Monday, June 20, 2011

Ionic Radius

Ionic radius may be defined as the, “effective distance from the nucleus of the ion to the point up to which it has an influence in the Ionic bond.”
The equilibrium distance between the nuclei of the two adjacent ions can be determined by X-ray analysis. Knowing the ionic radius of one of the ion, the ionic radius of other can be calculated.
The study of Ionic radii leads to two very important generalizations;
(i).  The size of cation is smaller as compared to that of present atom.
(ii). The size of anion is larger as compared to that of present atom.
(I).  RADIUS OF CATION IS SMALLER THAN PRESENT ATOM
A cation is formed, by loss of one or more electrons from gaseous atom. Thus, the nuclear charge (i.e. number of protons) remains same as that in parent atom, but the number of electrons becomes less in valence shell. As a result, the force of attraction on these electrons by nuclear charge increases due to increase in effective nuclear charge per electron. This causes shrinking of shell and hence size decreases.
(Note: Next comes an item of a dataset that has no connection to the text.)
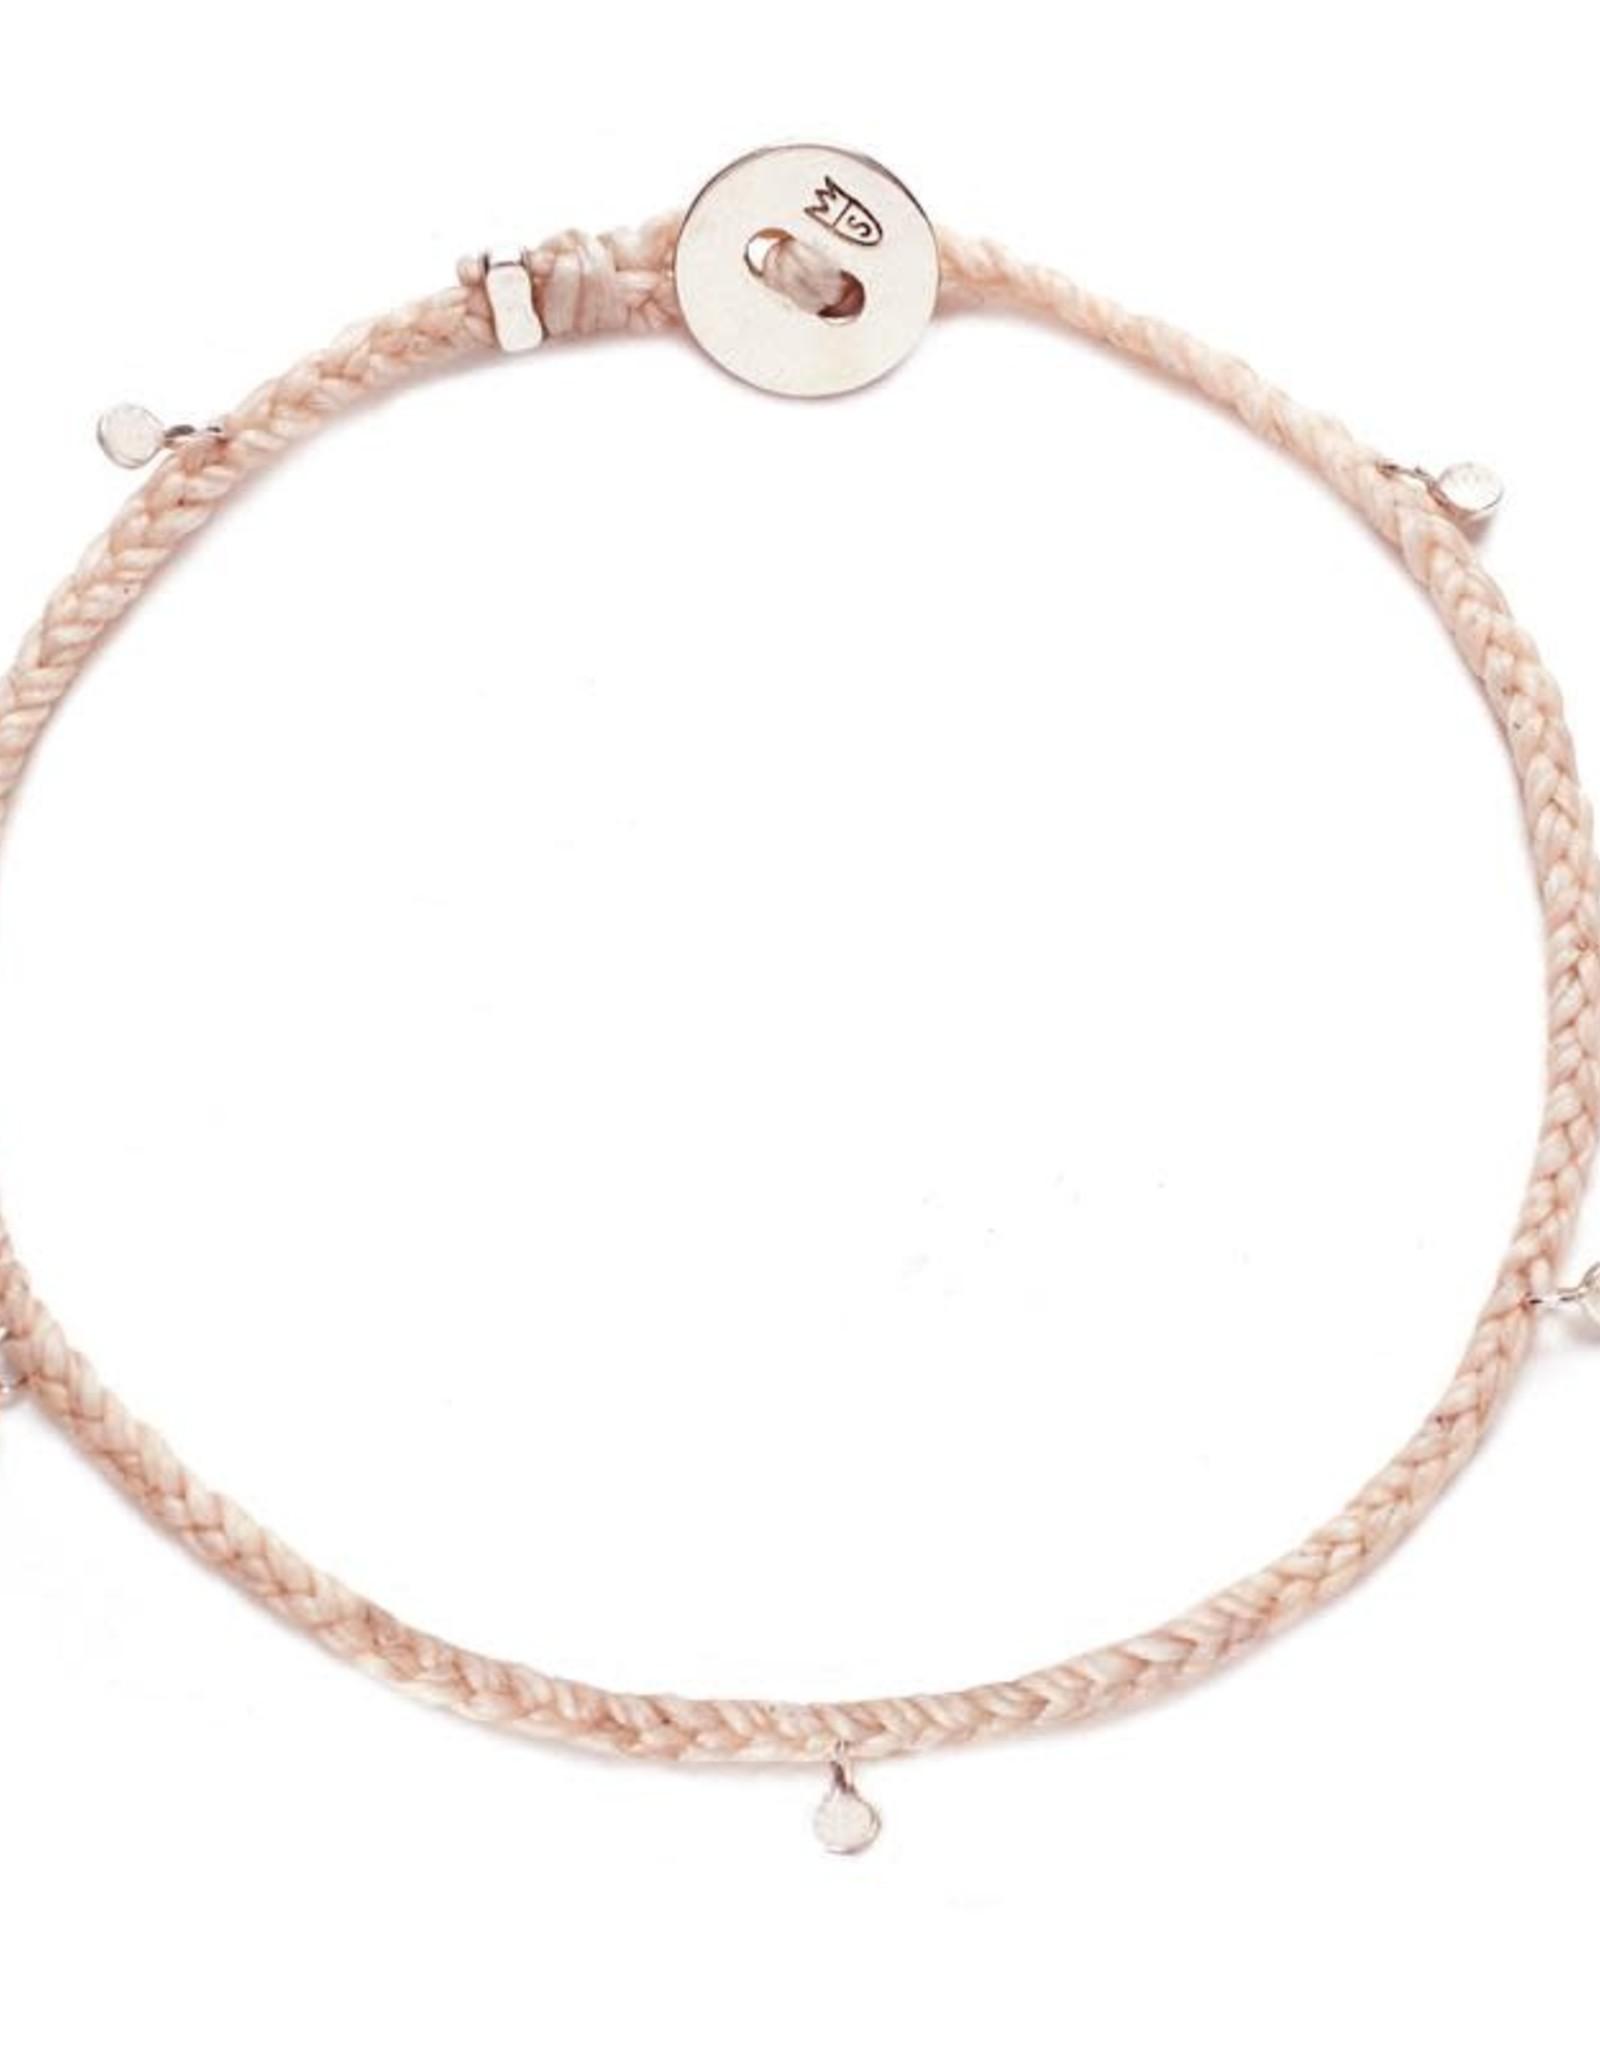 Scosha Fairy Bead Silver Bracelet - Ballet

(II). RADIUS OF ANION IS LARGER THAN PARENT ATOM
An Anion is formed by gain of one or more electrons by the gaseous atom. Thus the nuclear charge remains same (i.e. number of protons), but the number of electrons increases in valence shell. As a result, the force of attraction on these electrons decreases due to decrease in effective nuclear charge per electron. This causes increase in size.